• [Task prompt] Return the whole listing, line for line, without the pictures in it.

• [Collected data]
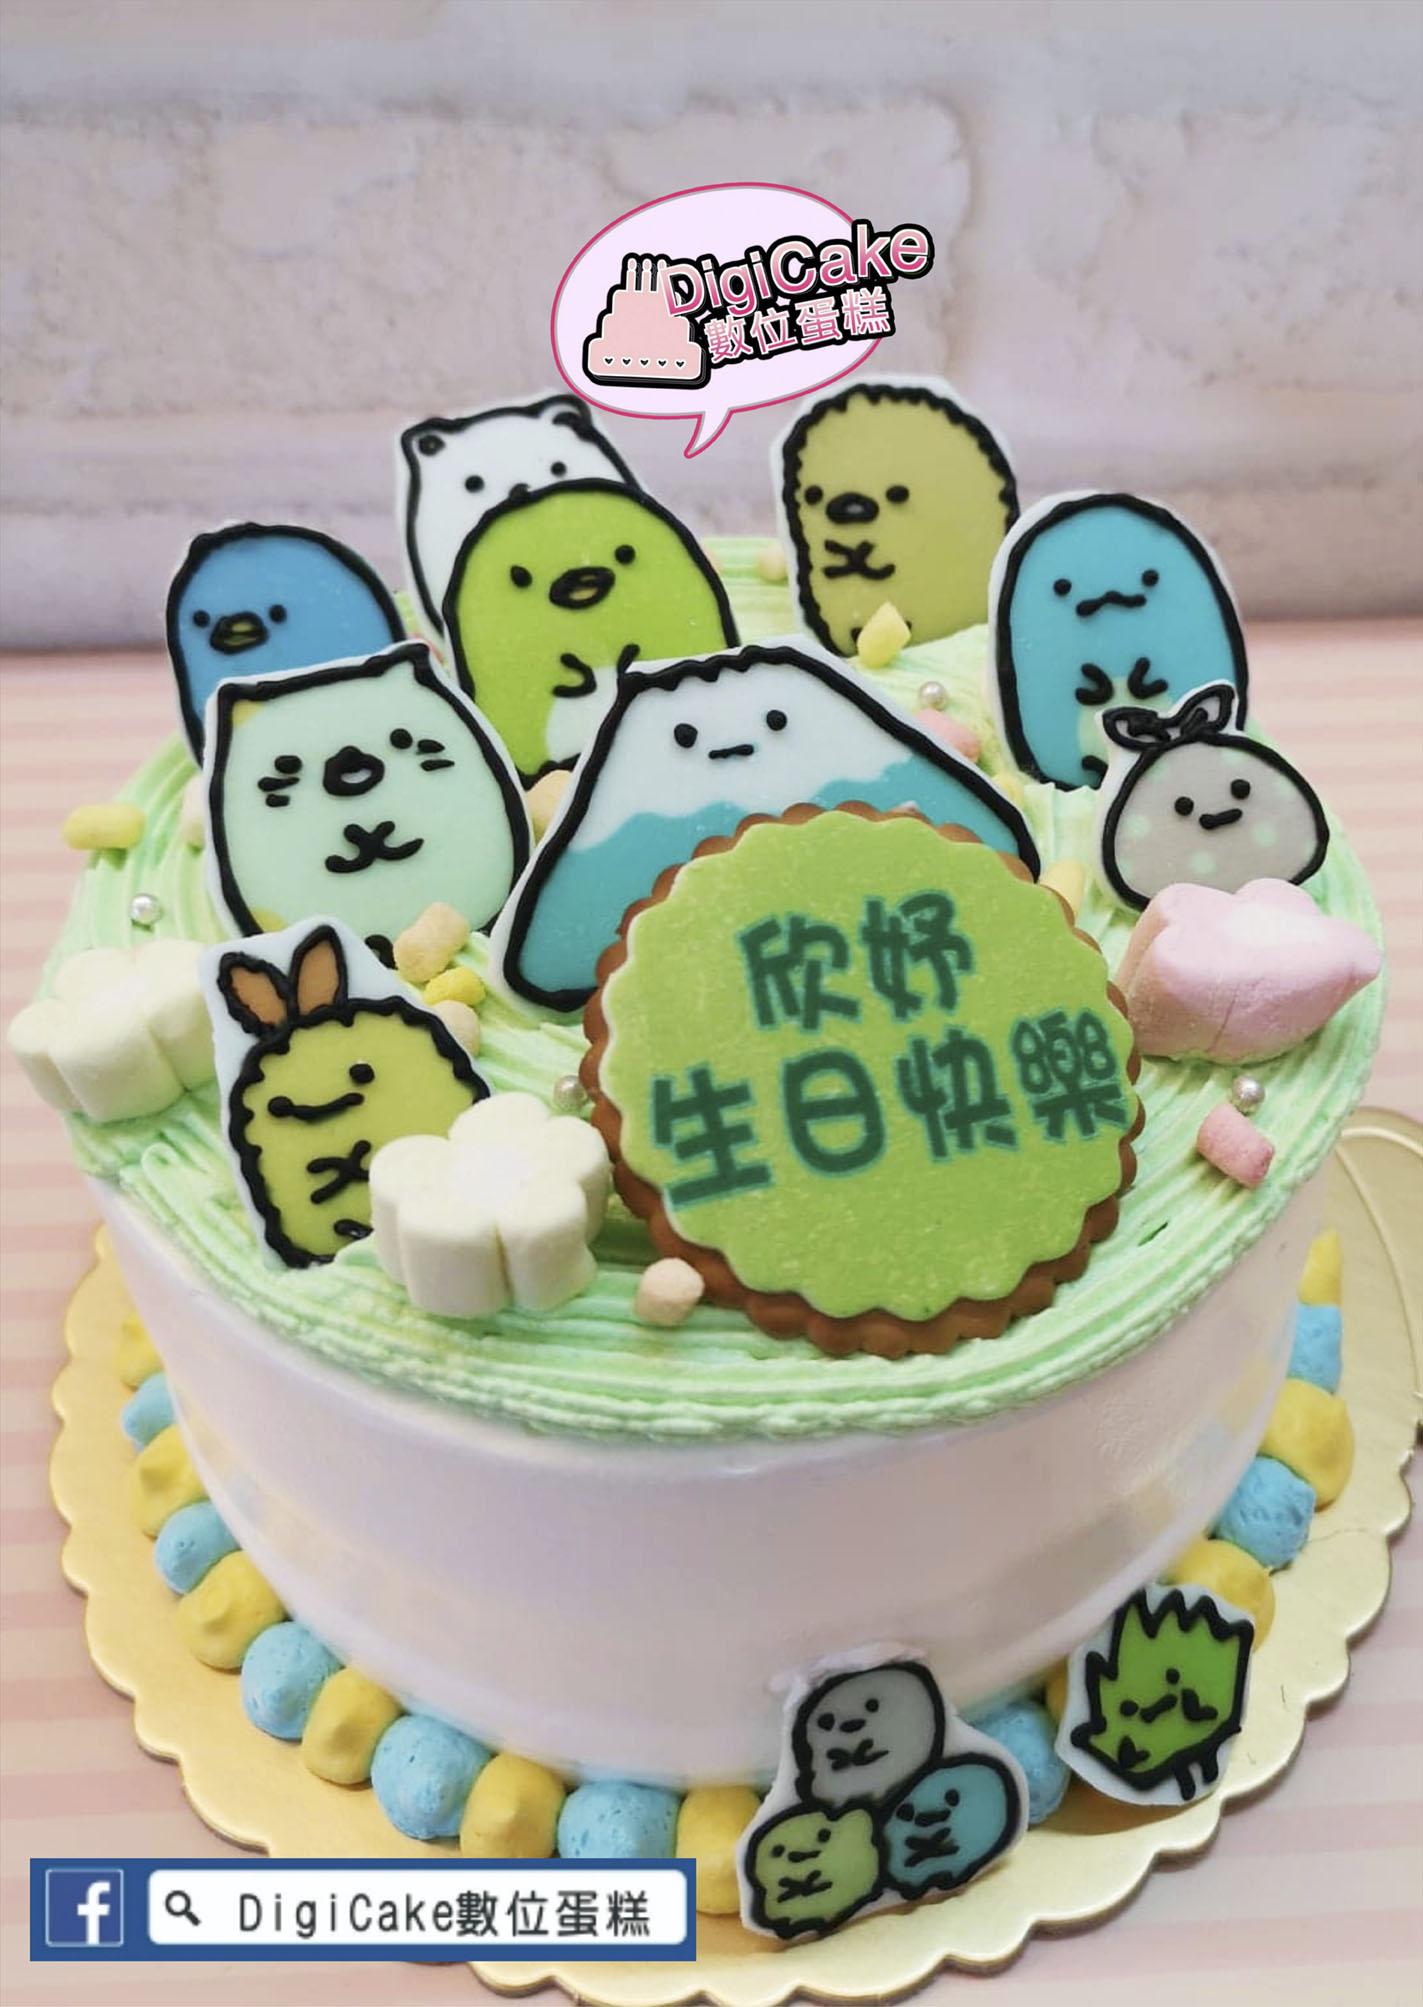 點此進入角落生物糖片手繪造型蛋糕的詳細資料!
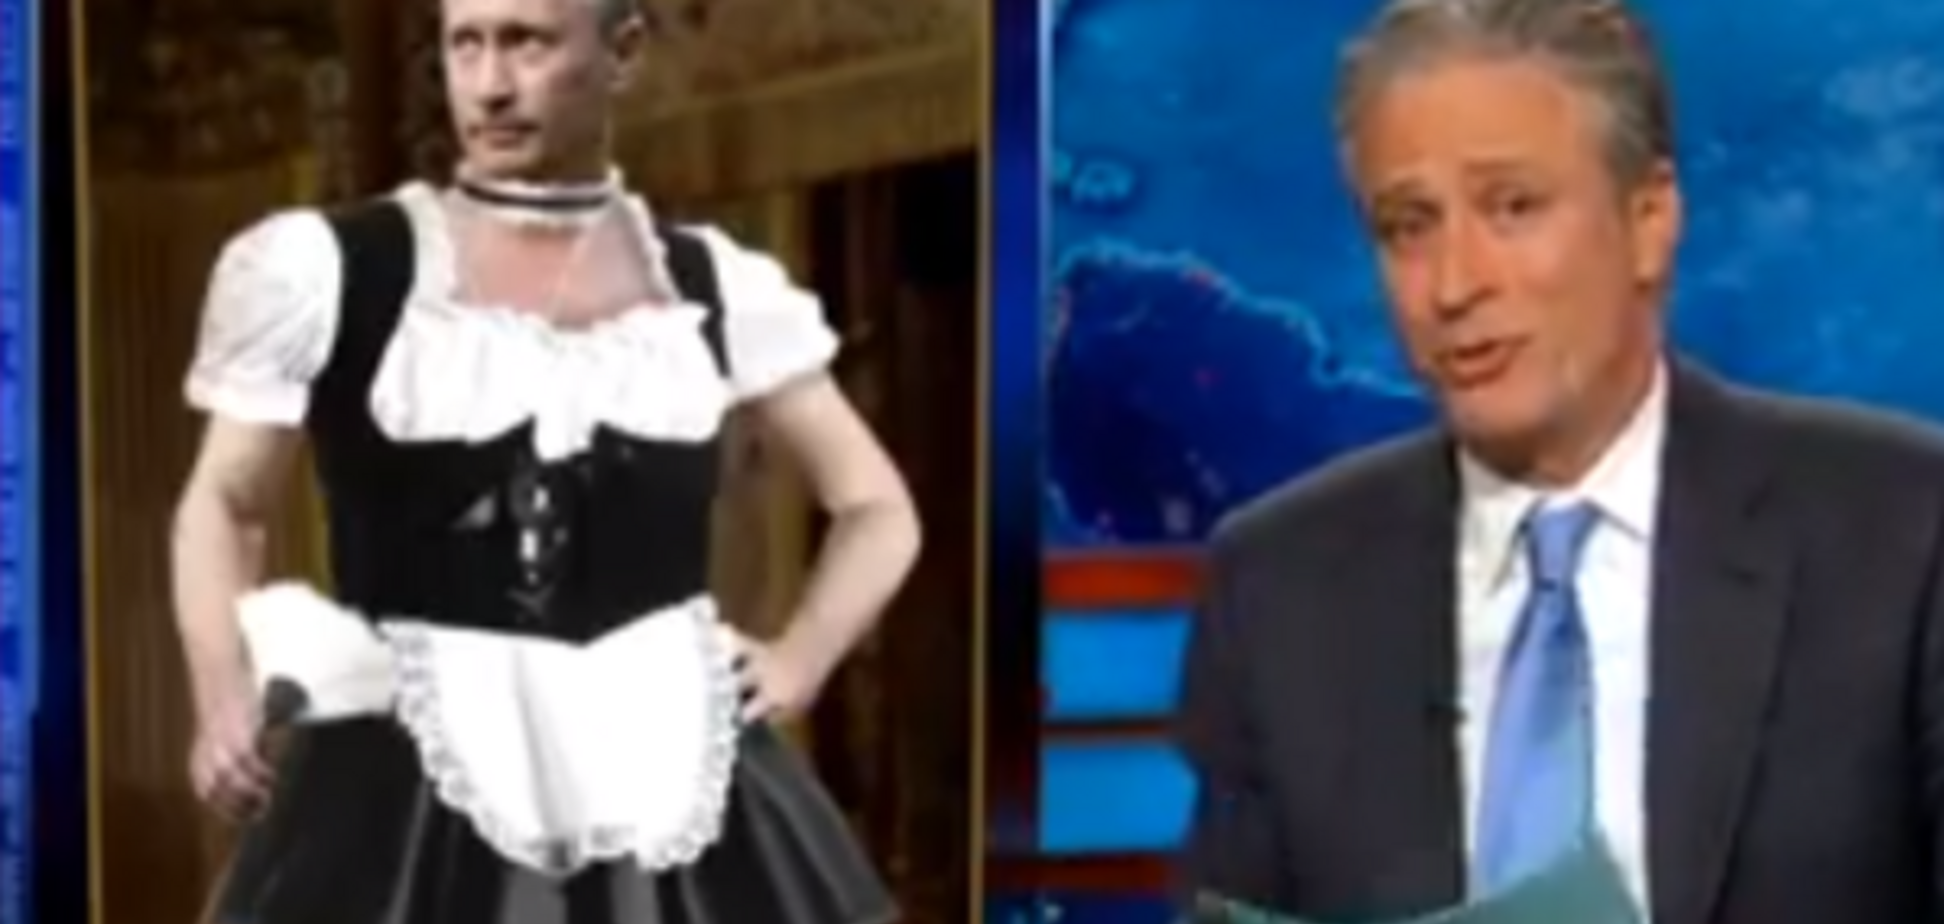 Американское шоу показало Путина в костюме француженки и высмеяло 'аннексию' первой леди Китая
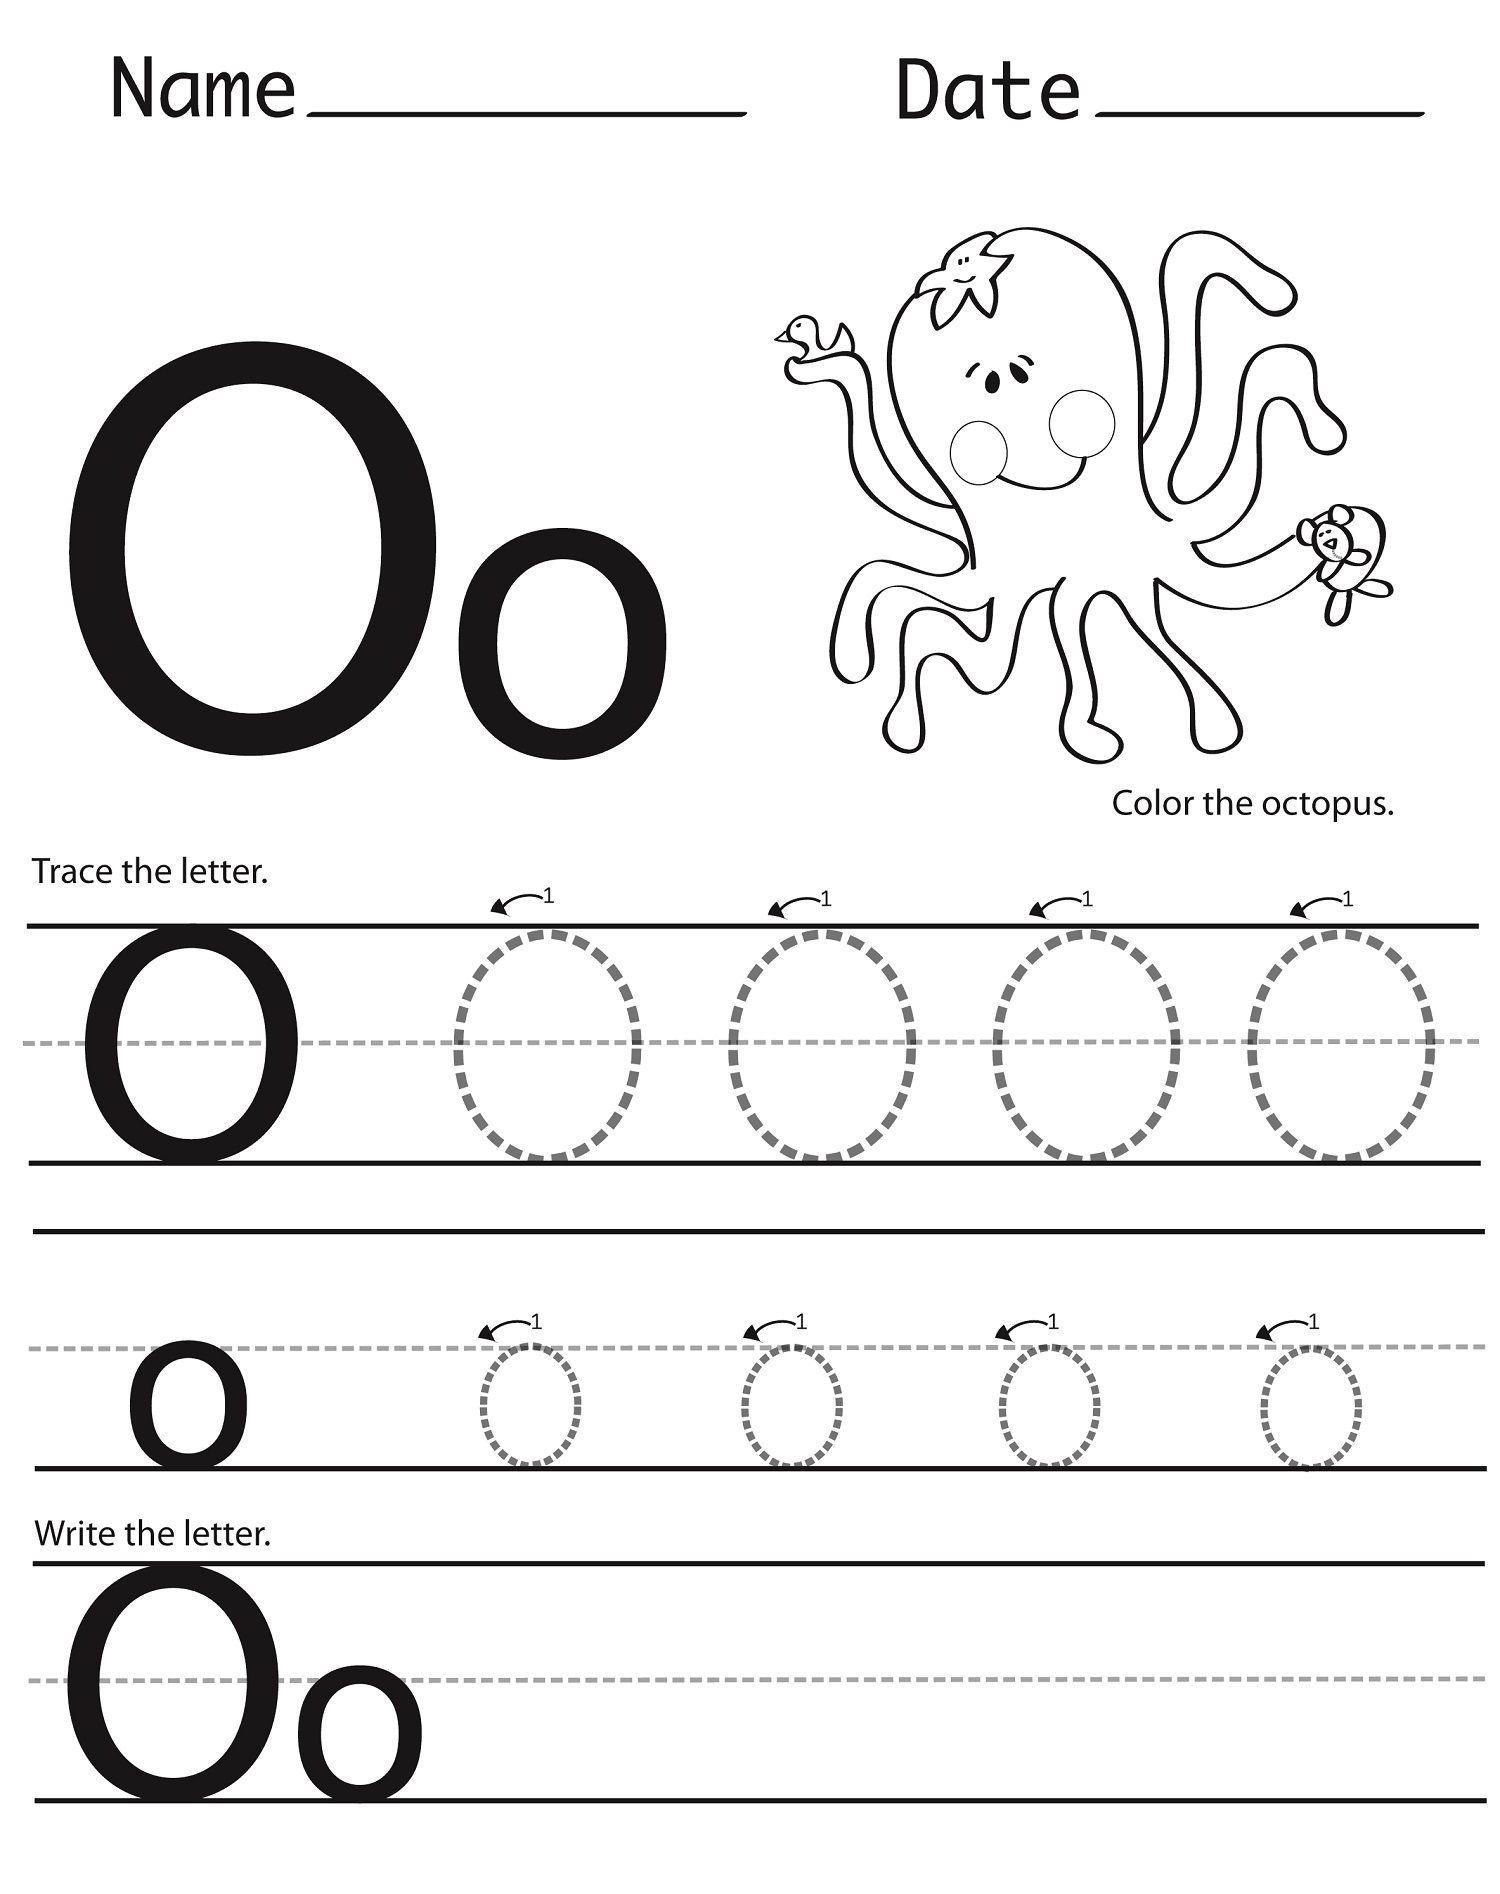 Letter O Worksheet For Alphabet Learning | Dear Joya ...

• [Exercise answer]
 點此進入角落生物糖片手繪造型蛋糕的詳細資料!
 Американское шоу показало Путина в костюме француженки и высмеяло 'аннексию' первой леди Китая
 Letter O Worksheet For Alphabet Learning | Dear Joya ...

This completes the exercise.